Poetry, Piety and Prayer

“Poetry and Piety: The Book of Common Prayer and Literature in English” was the talk I attended last week, given by visiting speaker Professor Helen Wilcox. Points made by her I particularly noted:

  • Prayer together is like a banquet, the ‘common prayer’ and sharing is supposed to be nourishing.
  • The Book of Common Prayer was produced by lay people in a common language, not Latin monks – the language of devotion available democratically.
  • The Collects’ syntax flows so well, the prayer is almost all one sentence and is read and prayed like breathing.

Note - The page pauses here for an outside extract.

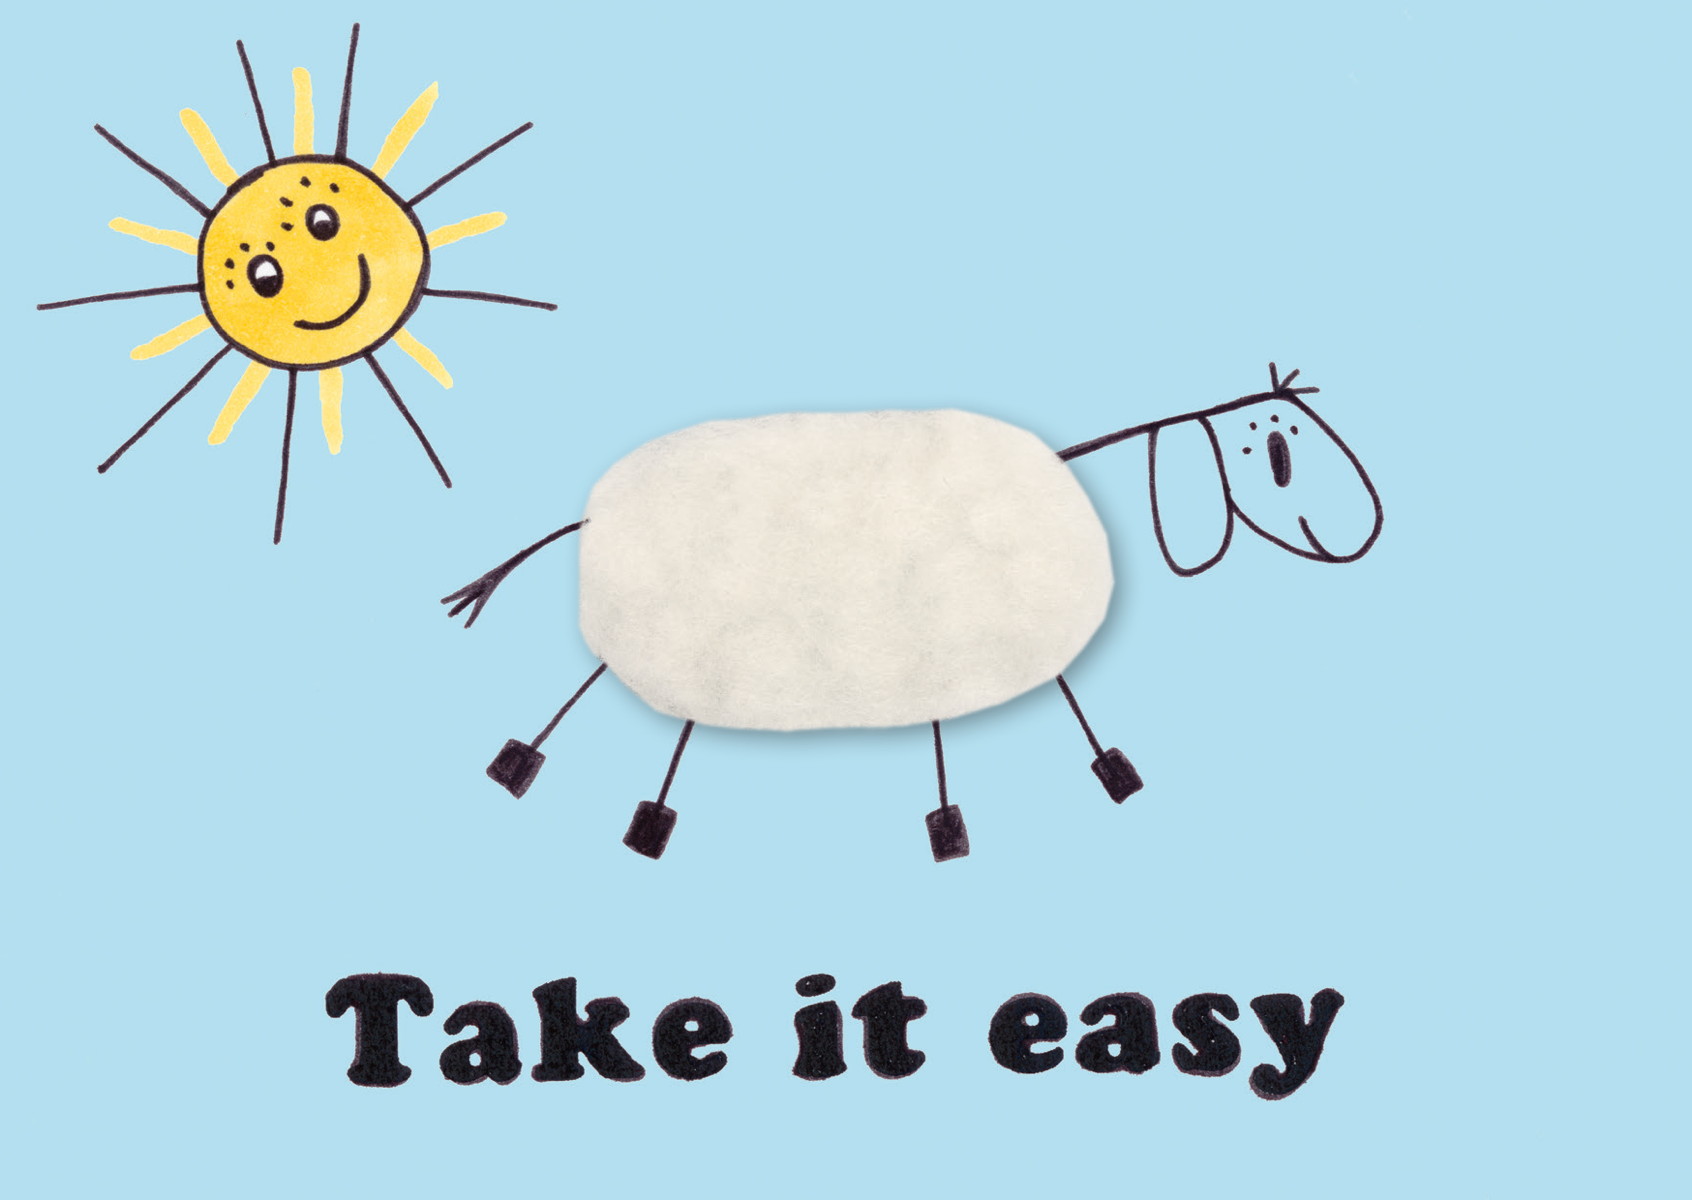 Plüschkarte "Take it easy"

She also mentioned a poem I must read at some point (Take, Eat – Fiona Sampson), and shared an extract from Laurie Lee’s ‘Cider with Rosie’, and a poem by George Herbert called ‘Mattens’

I Cannot ope mine eyes,
But thou art ready there to catch
My morning-soul and sacrifice:
Then we must needs for that day make a match.

My God, what is a heart?
Silver, or gold, or precious stone,
Or starre, or rainbow, or a part
Of all these things, or all of them in one?

My God, what is a heart?
That thou shouldst it so eye, and wooe,
Powring upon it all thy art,
As if that thou hadst nothing els to do?

Indeed mans whole estate
Amounts (and richly) to serve thee:
He did not heav’n and earth create,
Yet studies them, not him by whom they be.

Teach me thy love to know;
That this new light, which now I see,
May both the work and workman show:
Then by a sunne-beam I will climbe to thee.